整数类型的指针大小与int *大小 [英] Size of pointer of integer type vs Size of int*
问题描述
我开始阅读Pointers并与此同时进行修改.我偶然发现了这个:
I started reading Pointers and while tinkering with them. I stumbled upon this :
#include<stdio.h>
int main()
{
int *p,a;
a=sizeof(*p);
printf("%d",a);
}
输出:4
然后用sizeof(int*)
代替sizeof(*p)
,现在输出8.
Then in the place of sizeof(*p)
I replaced it with sizeof(int*)
Now it outputs 8 .
P是整数类型的指针,并且int *也是同一件事(我的假设正确吗?).然后为什么要打印两个不同的值.我正在64位gcc编译器上执行此操作.
P is a pointer of integer type and int* is also the same thing ( Is my assumption correct? ). Then why it is printing two different values.
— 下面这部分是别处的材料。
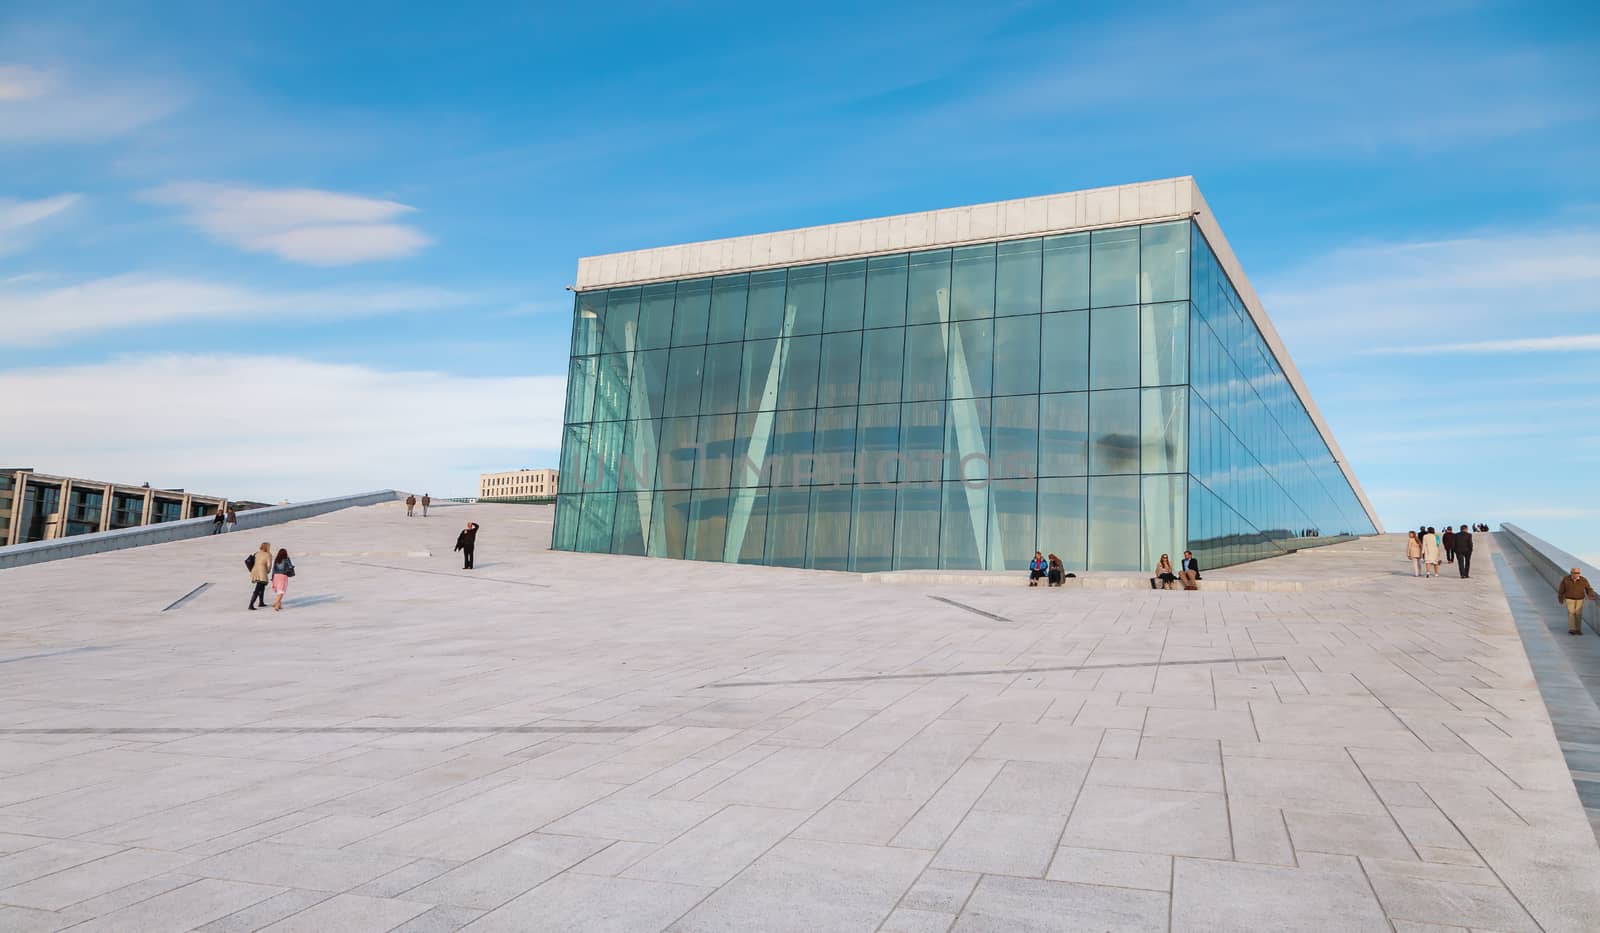 OSLO, NORWAY - May 4, 2011: People walking on the roof of the Oslo Opera House. The Oslo Opera House is home The Norwegian National Opera and Ballet, and the National Opera Theatre.
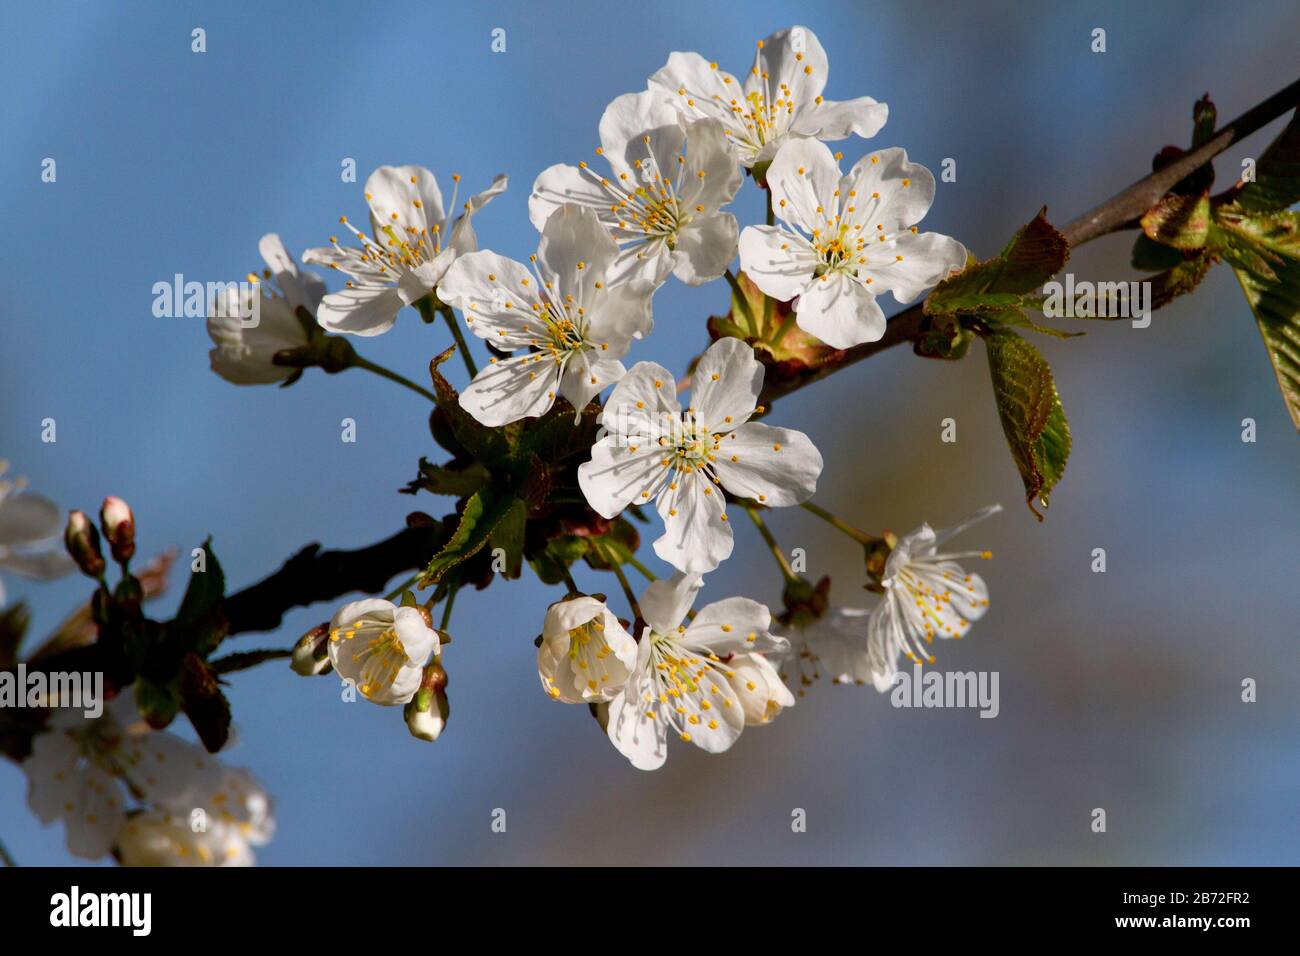 A sprig of white cherry blossom on a tree in Nanaimo, Vancouver Island, BC, Canada in springtime Stock Photo

I am doing this on a 64bit gcc compiler.
推荐答案
每个初学者总是对指针声明和取消引用指针感到困惑,因为语法看起来是一样的.
Every beginner always gets confused with pointer declaration versus de-referencing the pointer, because the syntax looks the same.
-
int *p;
的意思是声明一个指向int的指针".您也可以将其写为int* p;
(含义相同,个人喜好). -
*p
,在声明中其他位置使用时,表示取p指向的内容".
int *p;
means "declare a pointer to int". You can also write it asint* p;
(identical meaning, personal preference).*p
, when used anywhere else but in the declaration, means "take the contents of what p points at".
因此,sizeof(*p)
的意思是给我p指向的内容的大小",但是sizeof(int*)
的意思是给我指针类型本身的大小".在您的计算机上,int
显然是4个字节,但指针是8个字节(通常是64位计算机).
Thus sizeof(*p)
means "give me the size of the contents that p points at", but sizeof(int*)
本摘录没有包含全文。